England’s spy services were highly alert to the danger: they planted moles in the training camps, systematically opened correspondence, listened in on conversations in taverns and inns, and carefully scrutinized ports and border crossings. But the danger was difficult to eradicate, even when the authorities managed to get their hands on one or more of the suspected terrorists and questioned them under oath. After all, these were fanatics licensed by their religious leaders to deceive and instructed in what was called “equivocation,” a method of misleading without technically lying.

If the suspects were interrogated under torture, as was routinely done, they were still often difficult to break. According to a report sent to the queen’s spymaster, the extremist who assassinated Holland’s Prince of Orange in 1584—the first man ever to kill a head of state with a handgun—remained uncannily obdurate:

The same evening he was beaten with ropes and his flesh cut with split quills, after which he was put into a vessel of salt and water, and his throat was soaked in vinegar and brandy; and notwithstanding these torments, there was no sign whatever of distress or repentance, but, on the contrary, he said he had done an act acceptable to God.5

“An act acceptable to God”: these were people brainwashed to believe that they would be rewarded in heaven for their acts of treachery and violence.

The menace in question, according to the zealous Protestants of late-sixteenth-century England, was Roman Catholicism. To the intense vexation of the queen’s principal advisers, Elizabeth herself was reluctant to call the threat by its name and to take what they regarded as the necessary measures. She did not wish to provoke an expensive and bloody war with powerful Catholic states or to tar an entire religion with the crimes of a few fanatics. Unwilling, in the words of her spymaster Francis Walsingham, “to make windows into men’s hearts and secret thoughts,”6 for many years she allowed her subjects quietly to hold on to their Catholic beliefs, provided that they outwardly conformed to the official state religion. And, despite vehement urgings, she repeatedly refused to sanction the execution of her Catholic cousin Mary, Queen of Scots.

Having been driven out of Scotland, Mary was being held, without charge or trial, in a kind of protective detention in the north of England. Since she had a strong hereditary claim to the English throne—stronger, some thought, than Elizabeth herself—she was the obvious focus for the machinations of the Catholic powers of Europe and for the overheated daydreams and dangerous conspiracies of Catholic extremists at home. Mary herself was foolhardy enough to sanction sinister designs on her behalf.

The mastermind behind these designs, it was widely believed, was none other than the pope in Rome; his special forces were the Jesuits, sworn to obey him in everything; his hidden legions in England were the thousands of “Church papists” who dutifully attended Anglican services but harbored allegiance to Catholicism in their hearts. When Shakespeare was coming of age, rumors of the Jesuits—officially banned from entering the country, on pain of death—and the threats that they posed circulated widely. Their actual numbers may have been few, but the fear and loathing they aroused (along with clandestine admiration in some quarters) were considerable.
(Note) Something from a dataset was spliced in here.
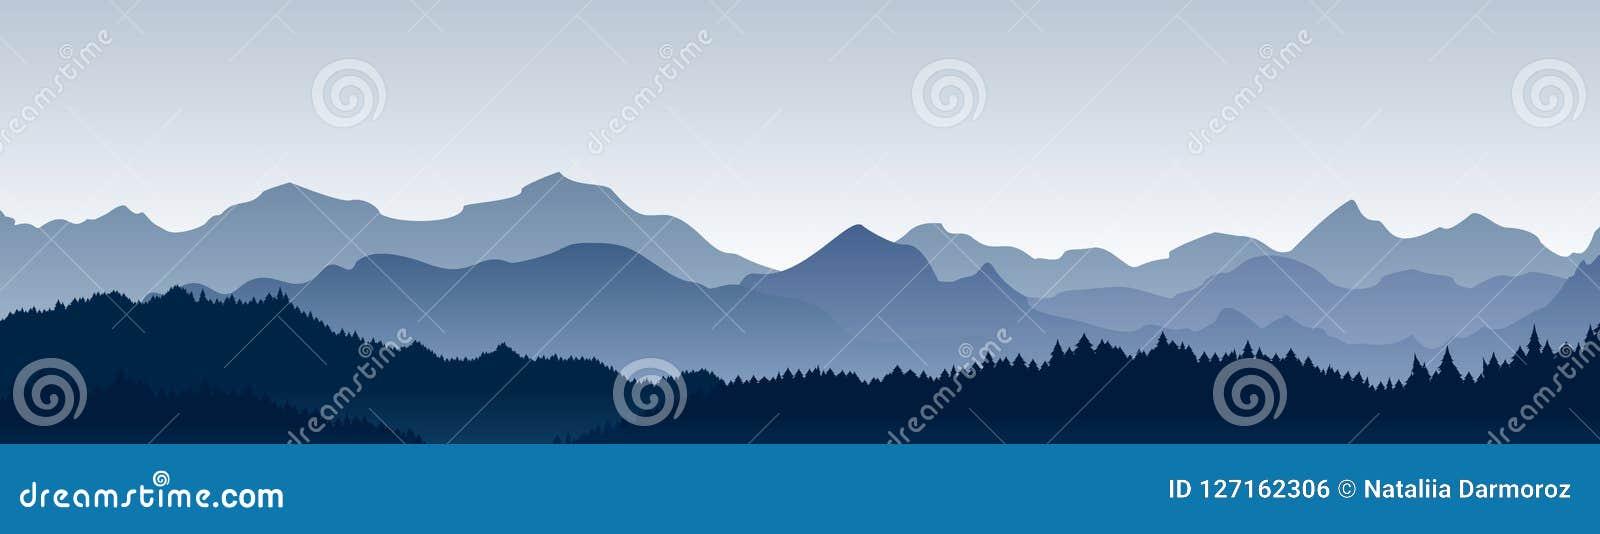 Ilustração do vetor da vista panorâmica bonita Montanhas na névoa com floresta, fundo da montanha da manhã, paisagem
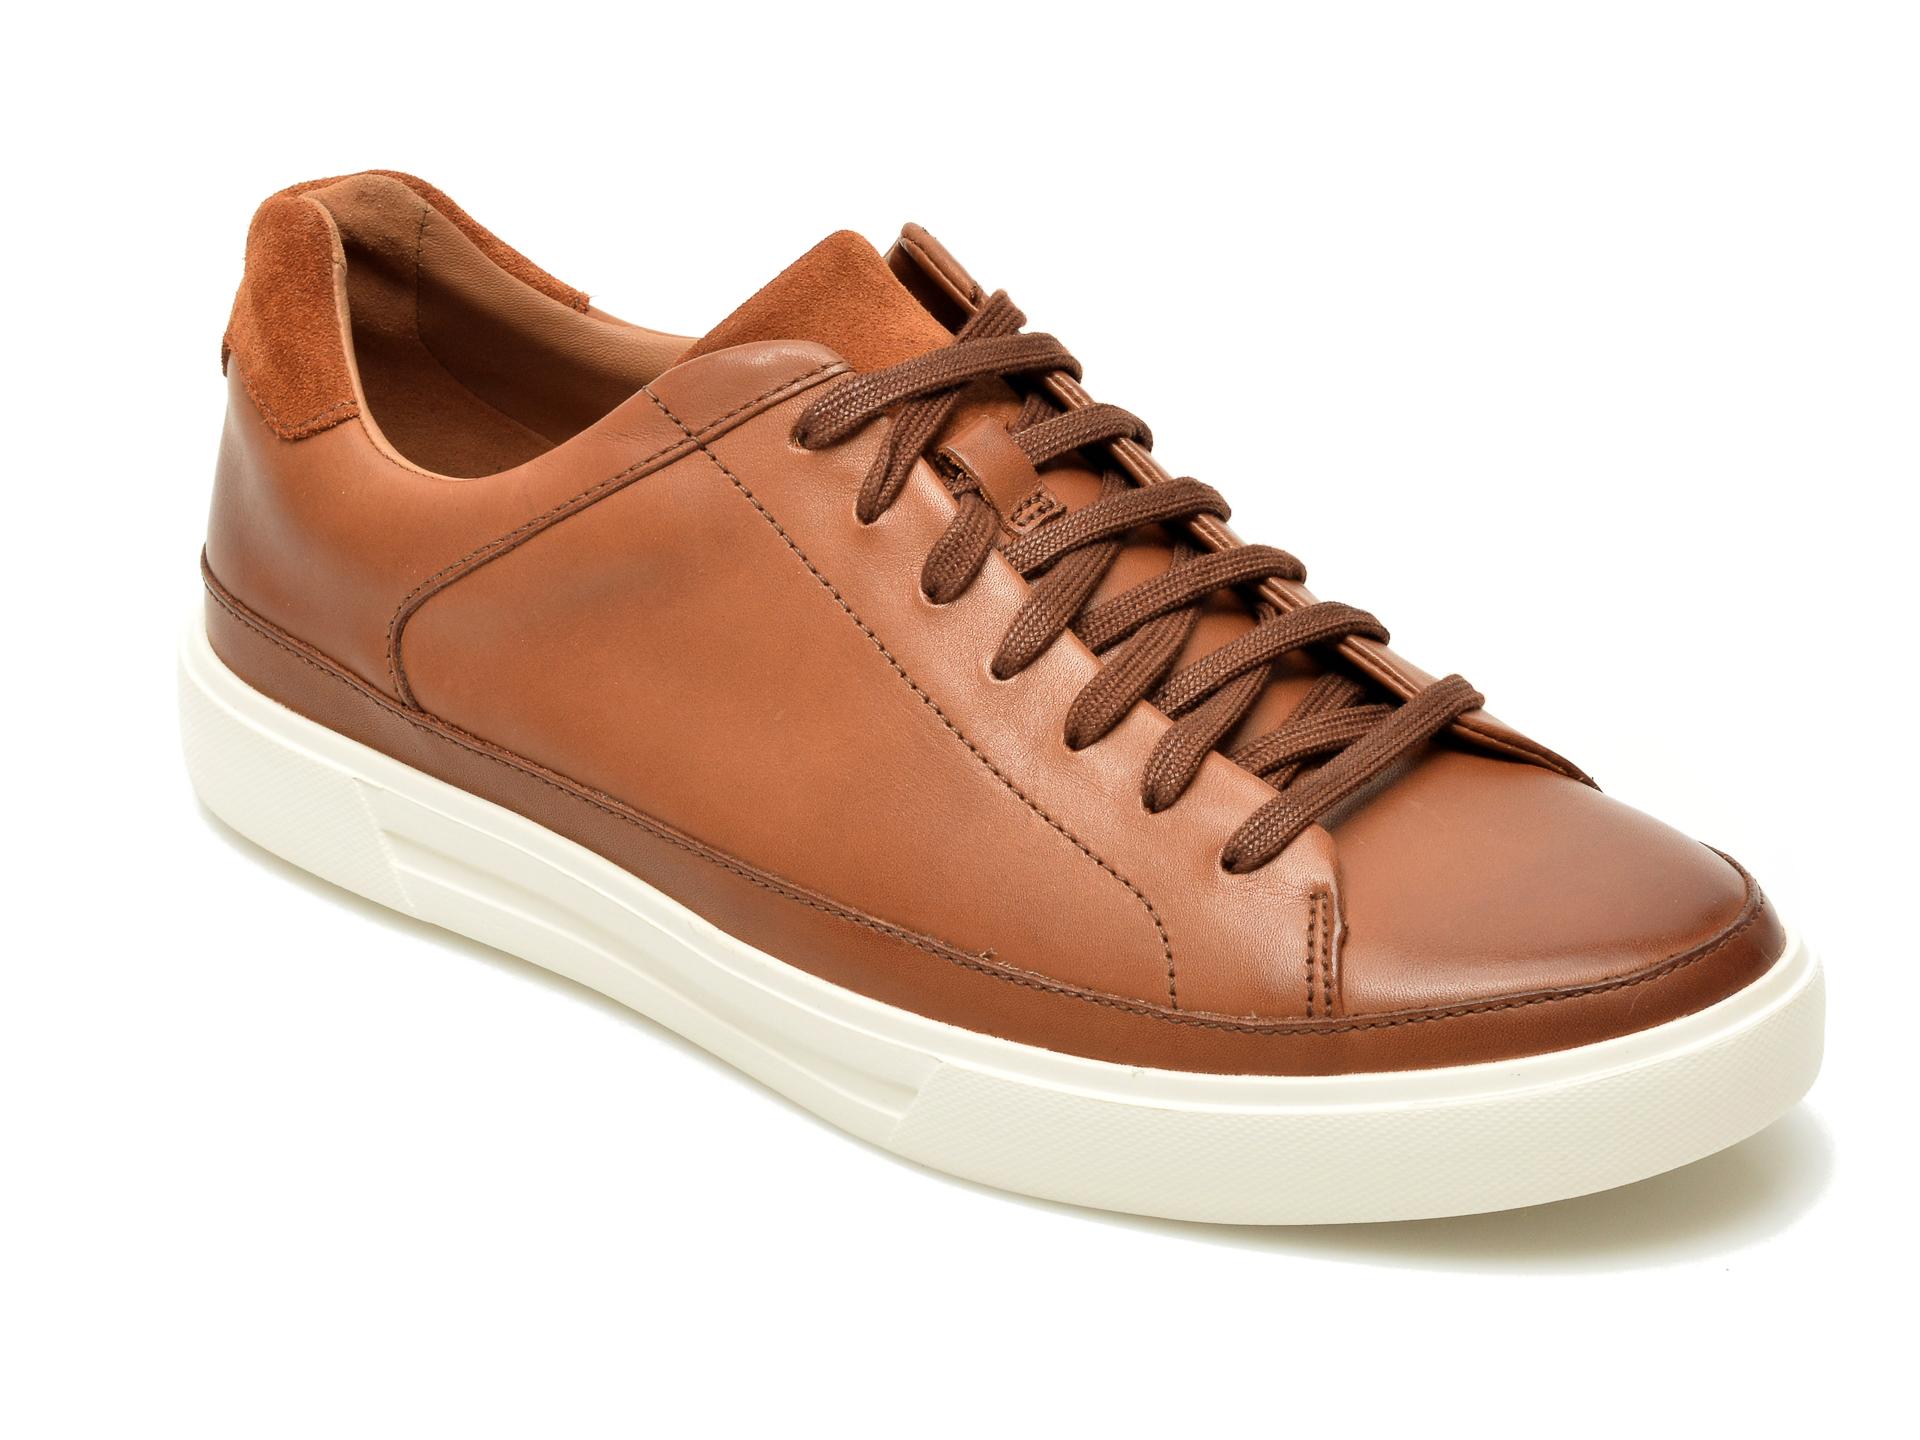 Pantofi Clarks Maro, Un Costa Tie, Din Piele Naturala

It is impossible to determine with any certainty where Shakespeare’s innermost sympathies lay. But he cannot have been neutral or indifferent. Both of his parents had been born into a Catholic world, and for them, as for most of their contemporaries, the links to that world survived the Reformation. There was every reason for wariness and circumspection, and not merely because of the harsh punishments meted out by the Protestant authorities. The menace in England attributed to militant Catholicism was by no means entirely imaginary. In 1570, Pope Pius V issued a bull excommunicating Elizabeth as a heretic and a “servant of crime.” The queen’s subjects were released from any obligation they might have sworn to her; indeed, they were solemnly enjoined to disobey. A decade later, Pope Gregory XIII suggested that killing England’s queen would not be a mortal sin. On the contrary, as the papal secretary of state declared on his master’s behalf, “there is no doubt that whosoever sends her out of the world with the pious intention of doing God service, not only does not sin but gains merit.”7

That declaration was incitement to murder. Though most English Catholics wanted nothing to do with such violent measures, a few took it in their heads to try to rid the country of its heretical ruler. In 1583, the government’s spy network discovered a conspiracy, with the collusion of the Spanish ambassador, to assassinate the queen. All through the years that followed there were comparable stories of dangers narrowly averted: letters intercepted, weapons seized, Catholic priests captured. Alerted by suspicious neighbors, officers would descend on rural safe houses, where they would smash cupboards, tap on walls for telltale hollow sounds, and rip up floorboards in search of so-called priests’ holes. But still Elizabeth did nothing to eliminate the threat posed by Mary. “God open her Majesty’s eyes,” prayed Walsingham, “to see her peril.”8

The queen’s inner circle took the highly irregular step of drawing up a “Bond of Association,” whose signers pledged to take revenge not only on anyone who made an attempt on the queen’s life but also on any potential claimant to the throne—Mary was the obvious target—in whose interest such an attempt, successful or not, had been made. In 1586, Walsingham’s spies got wind of another plot, this time involving a wealthy twenty-four-year-old Catholic gentleman named Anthony Babington, who, together with a group of like-minded friends, had persuaded himself that it was morally acceptable to kill the “tyrant.” Using double agents who had penetrated the group and deciphered its secret codes, the authorities watched and waited as the conspiracy slowly unfolded. Indeed, when Babington began to get cold feet, one of Walsingham’s agents provocateurs urged him on. The strategy paid the dividend the Protestant hard-liners had most hoped for: not only did the net catch fourteen conspirators, who were duly convicted of treason and then hanged, drawn, and quartered, but it also ensnared the careless, conniving Mary.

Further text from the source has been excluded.